---- Data block
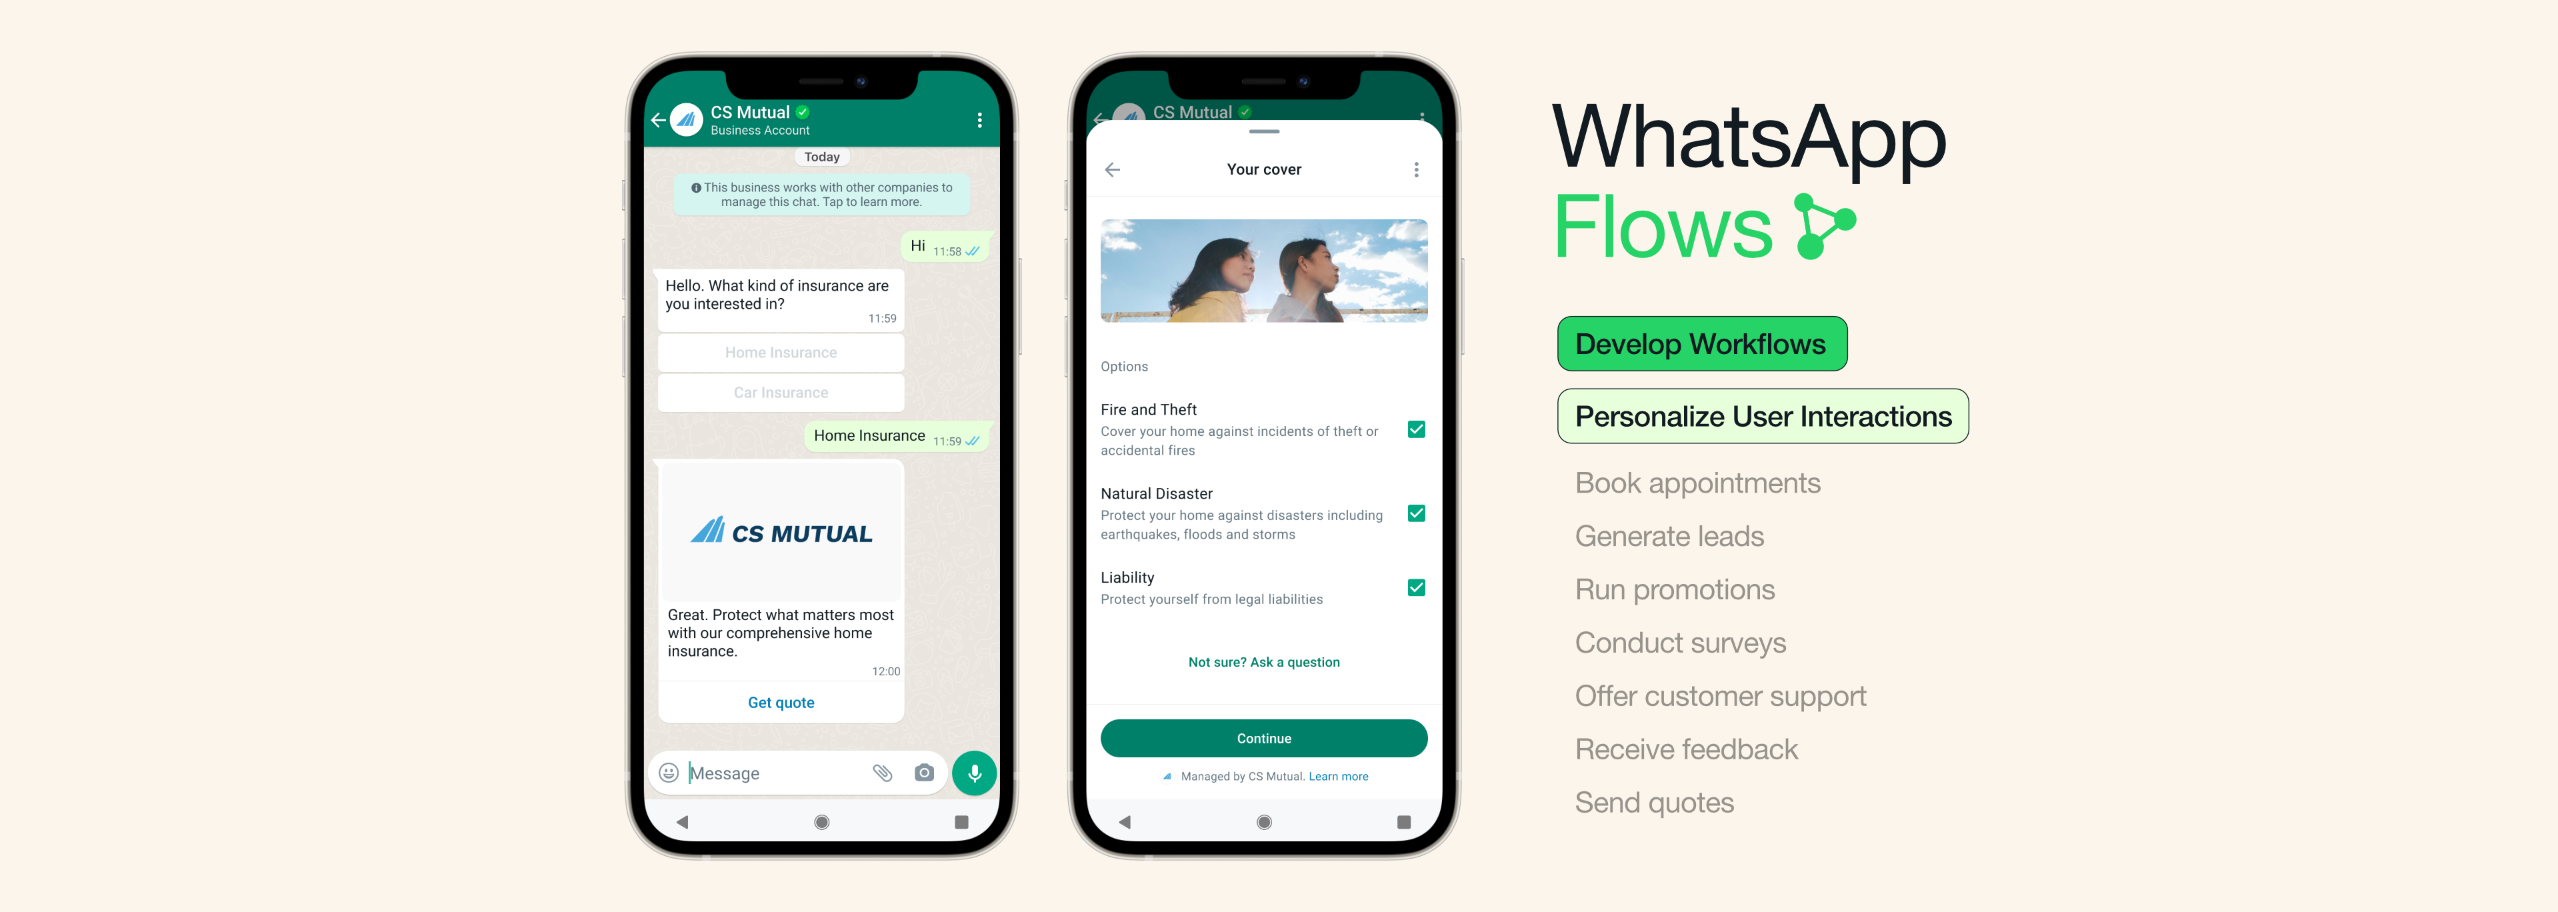 several use cases of whatsapp flows
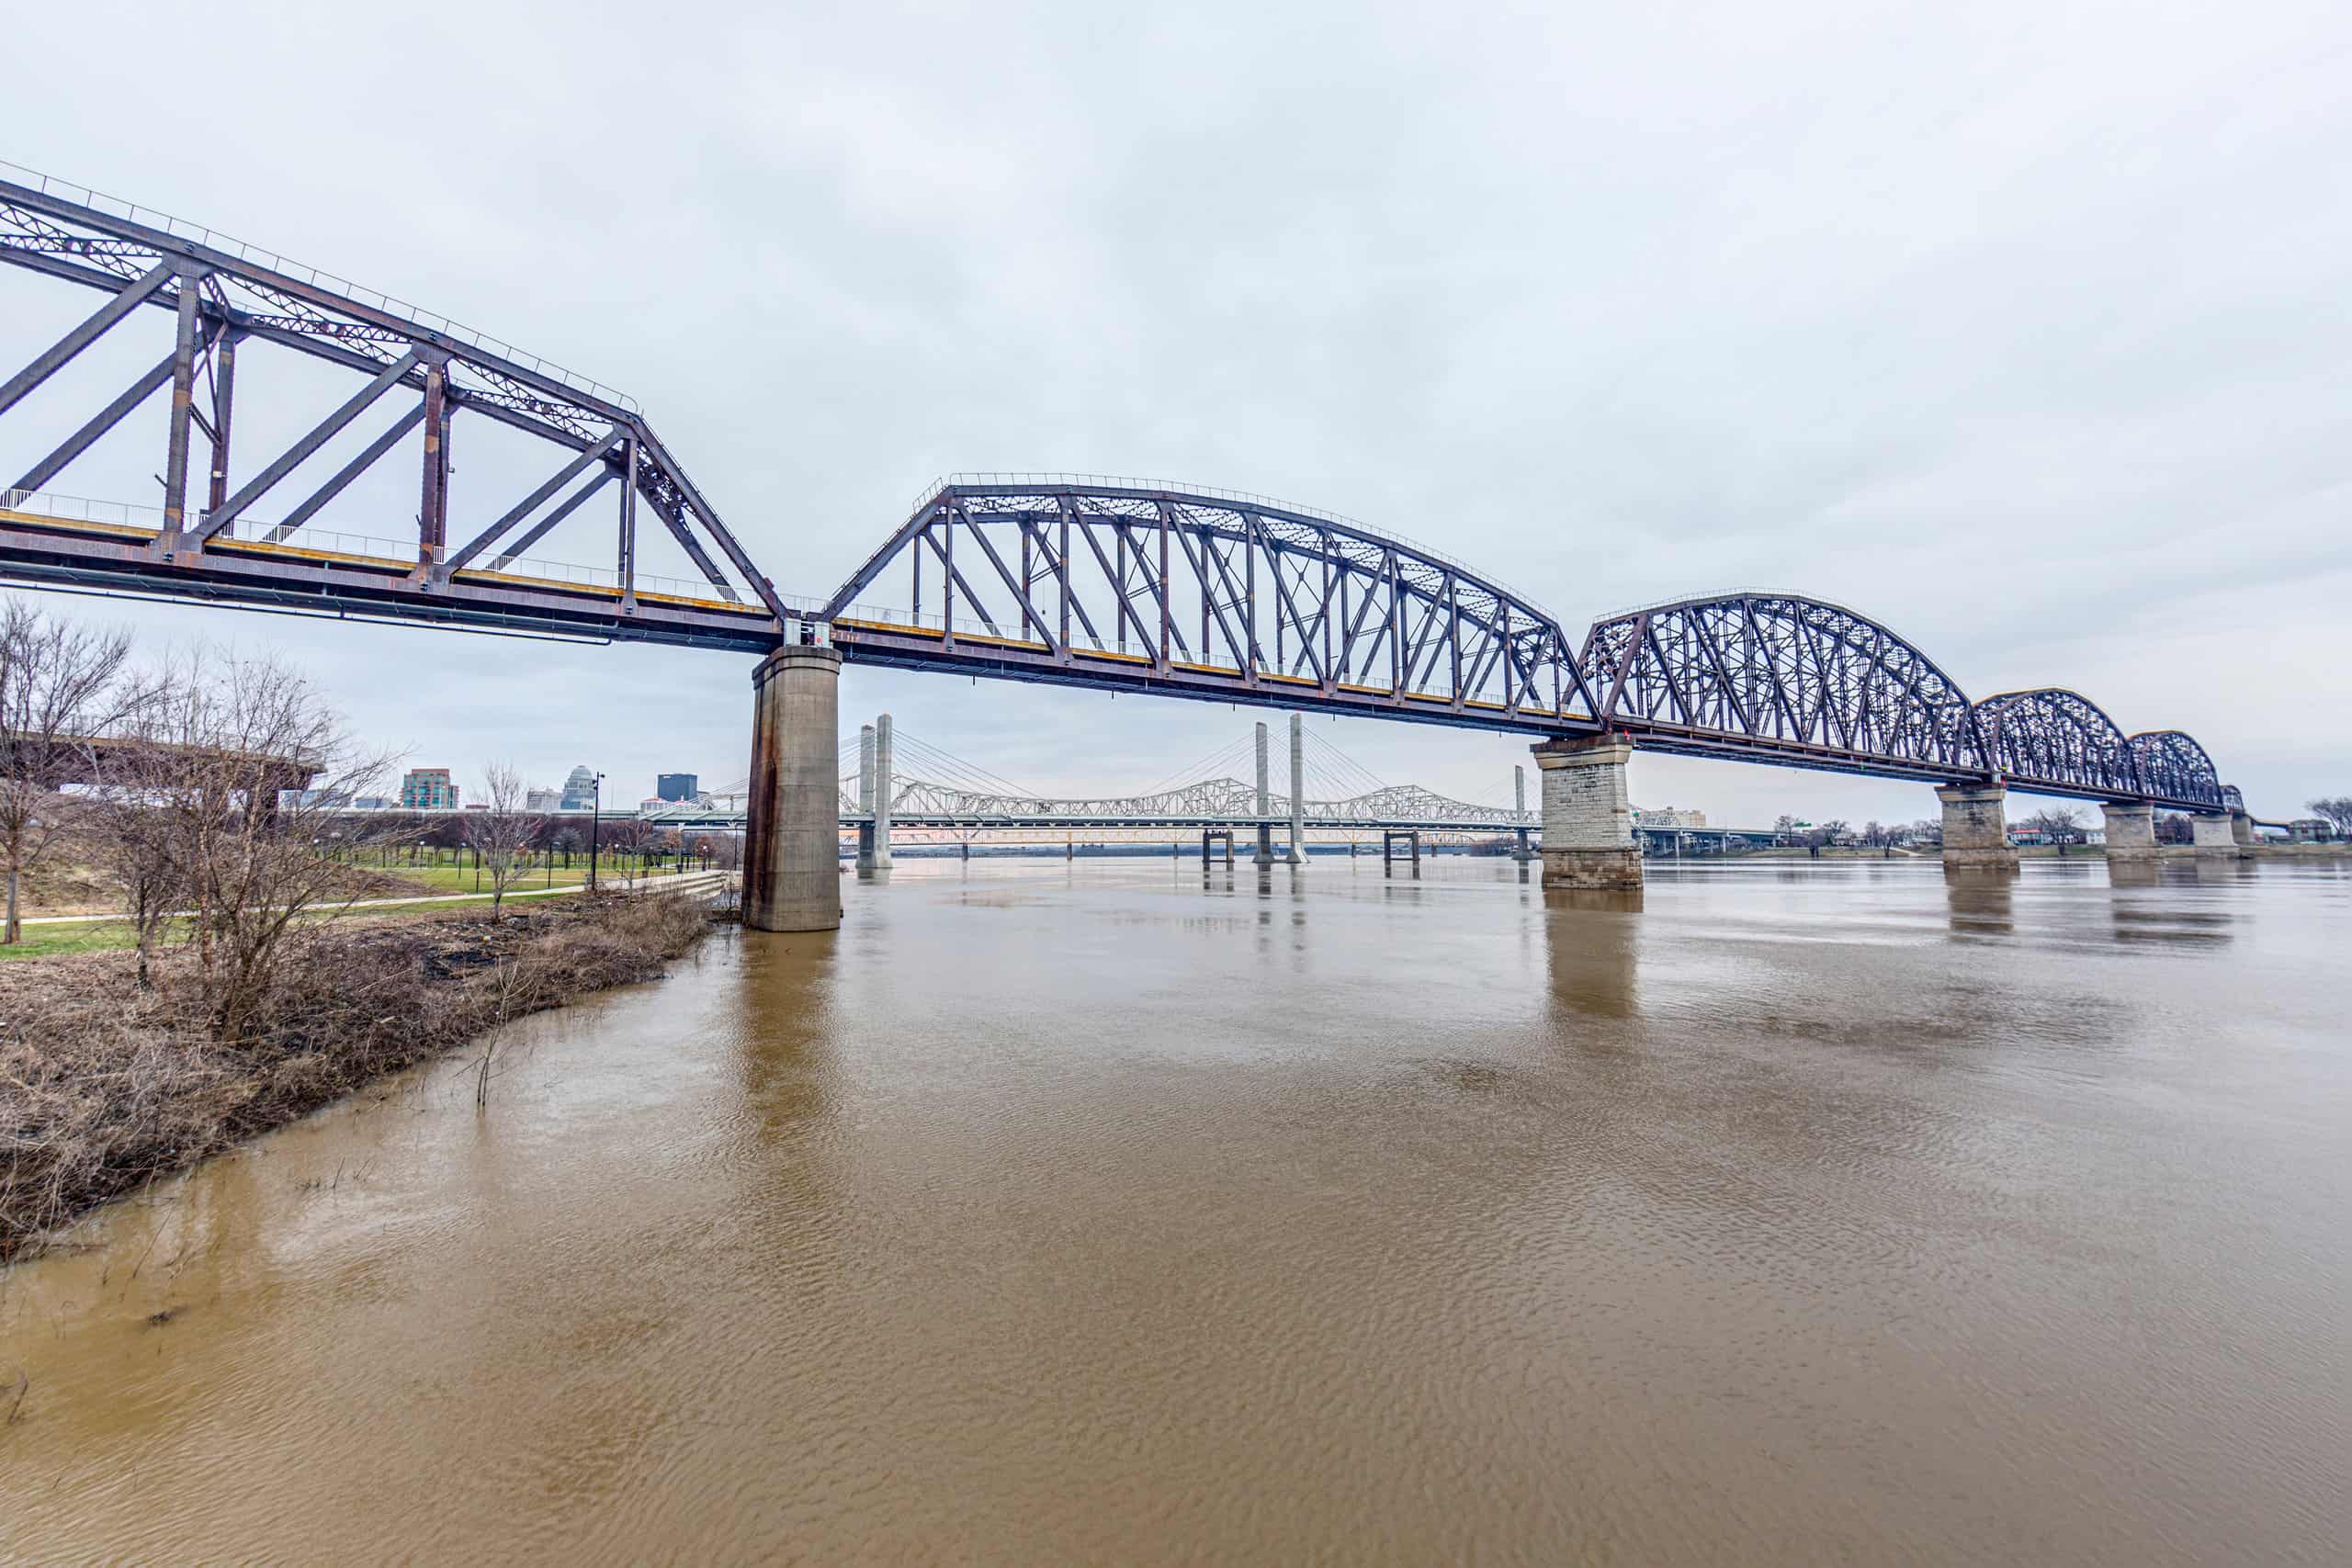 View of Big Four Bridge and Ohio river in Louisville at daytime.
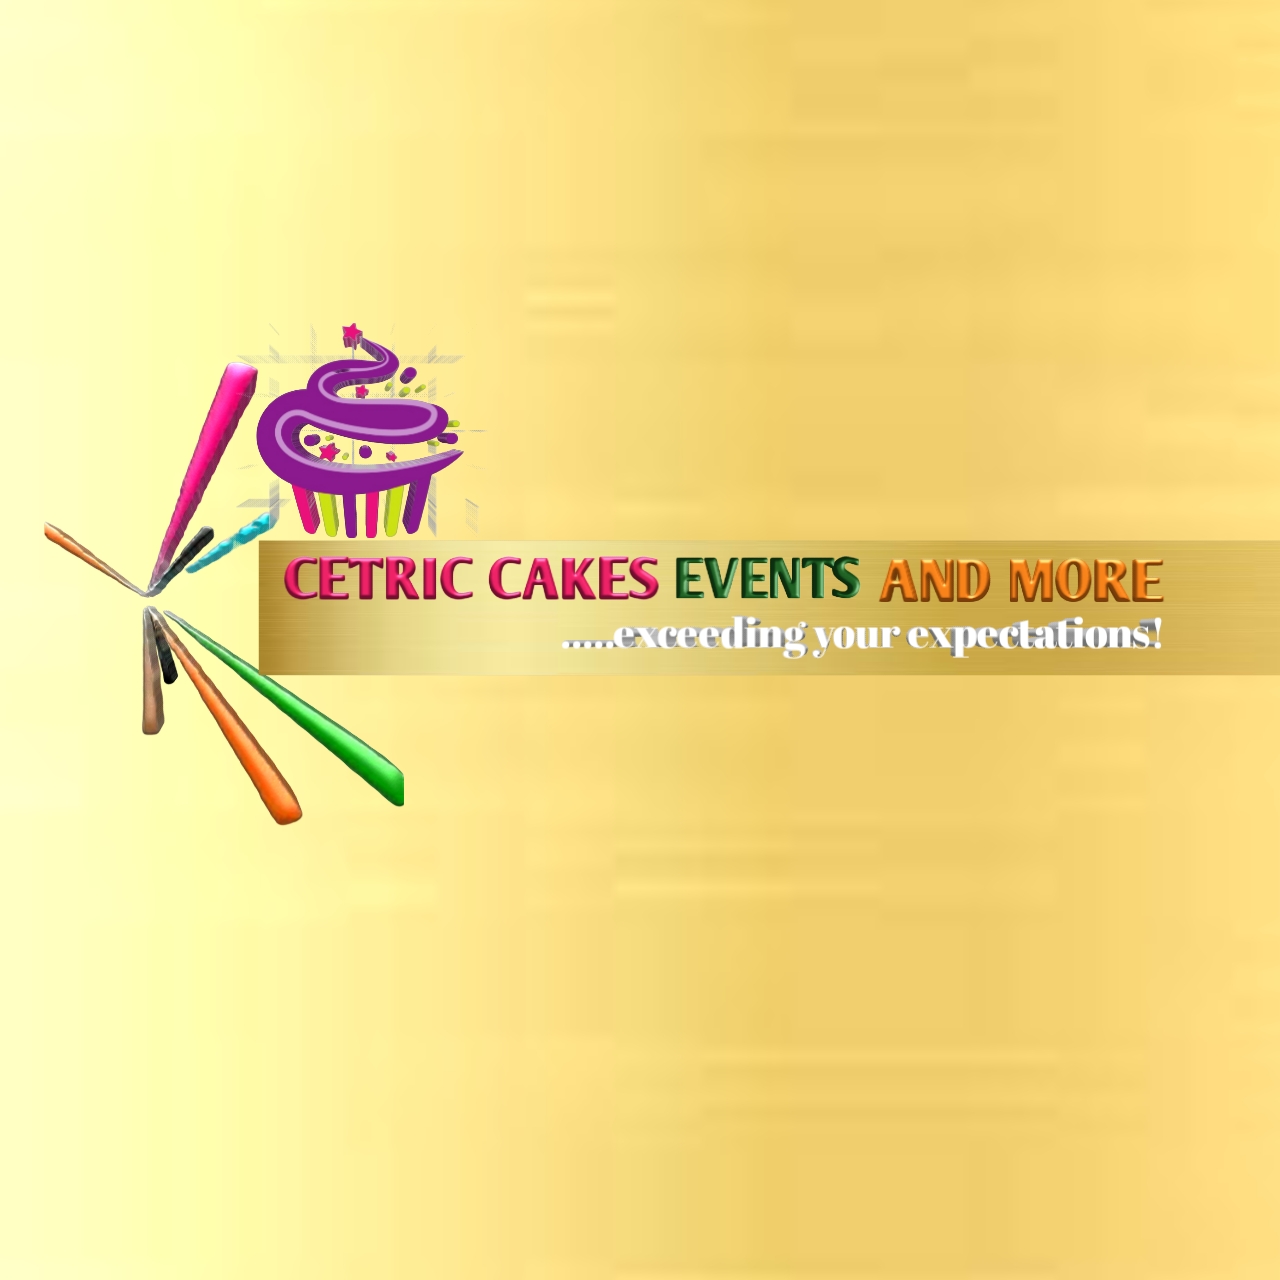 Cetric Cakes Events and More provider
--------
## [Required action]
Every line above is to be reproduced verbatim, and the pictures are to be omitted.

## [Written answer]
 several use cases of whatsapp flows
 View of Big Four Bridge and Ohio river in Louisville at daytime.
 Cetric Cakes Events and More provider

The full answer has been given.